Without meaning, we seek thrills and highs that are natural, artificial, risky or short lived. Riding a roller coaster is thrill seeking that we pay to enjoy. Engaging in an affair is a destructive form of thrill seeking that we should pay for dearly. Shopping beyond my spending limit has always been a form of a high for me for which I will be paying for a long time. Eating chocolate, junk food or sweets gives a sugar high. I like indulging in each one. (I’d be a chocoholic if I could afford Munson’s chocolate fulltime. I can’t.) Many of these behaviors are short-term distractions, which keep us from finding true meaning or planning for the future. I have shopped until I could not find the sweater I wanted in my clothing pile, and I did not get any happier. (Seeking highs and other forms of stimulation probably fuels the interest in the sensational in the news, the Internet and television.)

In my quest for meaning, distraction and mental stimulation, I have taken all kinds of interesting classes. I have taken painting, pottery, aerobics, sign language (can’t do it), Vietnamese (scared a small child when I tried to speak it), Italian, Italian cooking, German (in Germany, someone told me not to bother), jewelry making, psychic development (worst student in class), reiki, Irish history, any history and anything else that caught my fancy. I really want to take a class to make pastry and massage.

I took a yearlong course on light body or energy healing only to find out that I was actually studying shamanism. Being a lifelong graduate student, I was stunned and not necessarily pleased. I asked why the word, “shamanism” was not in the brochure as I had read it (once a geek, always a geek). I was told that it was implied.

Shamanism is not a word I fully understood then. It is not a term I would ever use to describe myself. I have not told family about it yet. I am in the psychic, shaman closet with co-workers, academic friends, most friends and acquaintances. Doing reiki is a little out there for many people, so talking about shamanism seems foolish. This is a spiritual test for me. 

Smart people do not believe in psychics, fairies or anything that can’t be touched, verified or quantified. Crazy people do.

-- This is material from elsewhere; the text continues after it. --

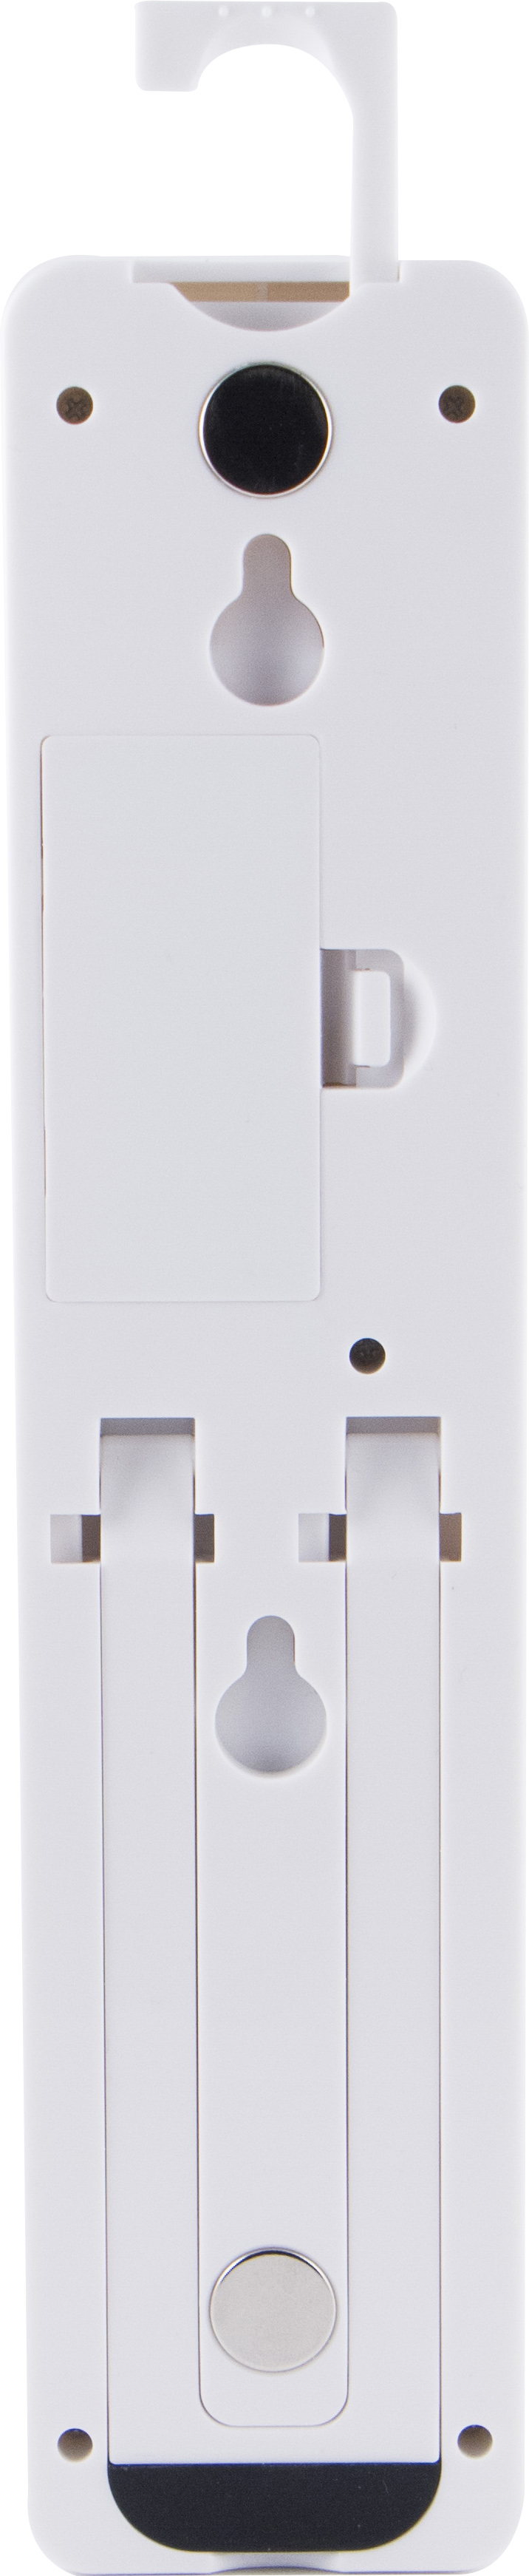 Energizer Wireless Swivel LED Task Light, 10 in. White, Battery Operated - image 5 of 7

In a statistics class, I once asked if two tarot card readers turned over 8 of 10 of the same cards, wouldn’t that be an inter-rater reliability of .80 or 80%? I was told that good graduate students do not believe in psychics or card players.

How could I have backed into a course on shamanism? Why did this happen? How does Shamanism really work? I have more questions than answers. In truth, the weekend workshops featured the Medicine Wheel of the Q’ero of Peru and they were fascinating. My teacher led us on meditations where we met spiritual figures, our ancestors and ourselves in the future. These meditations were way more fascinating than anything I have ever read, seen on TV or in movies. They were also more useful; my Italian grandfather told me to get rid of all the stuff (“all that shit”) I have in storage that I am paying to store.

Since then, when I meet people and they tell me about a health problem, I see pictures. I assume I see what the problem looks like in the spiritual realm. What do the pictures mean? What am I supposed to do with the information? Should I offer to help? Can I help?

Would you risk looking crazy to help another?

How do problems in the spiritual realm manifest in the physical realm? I am only a student of shamanism, can I really make a difference?

In 2003, I saw a deer that my dog did not notice. The deer turned to look at me from what looked like ten feet away. He was my call to a spiritual path. This is my journey. 

PS. I believe in fairies. They keep my garden and houseplants alive.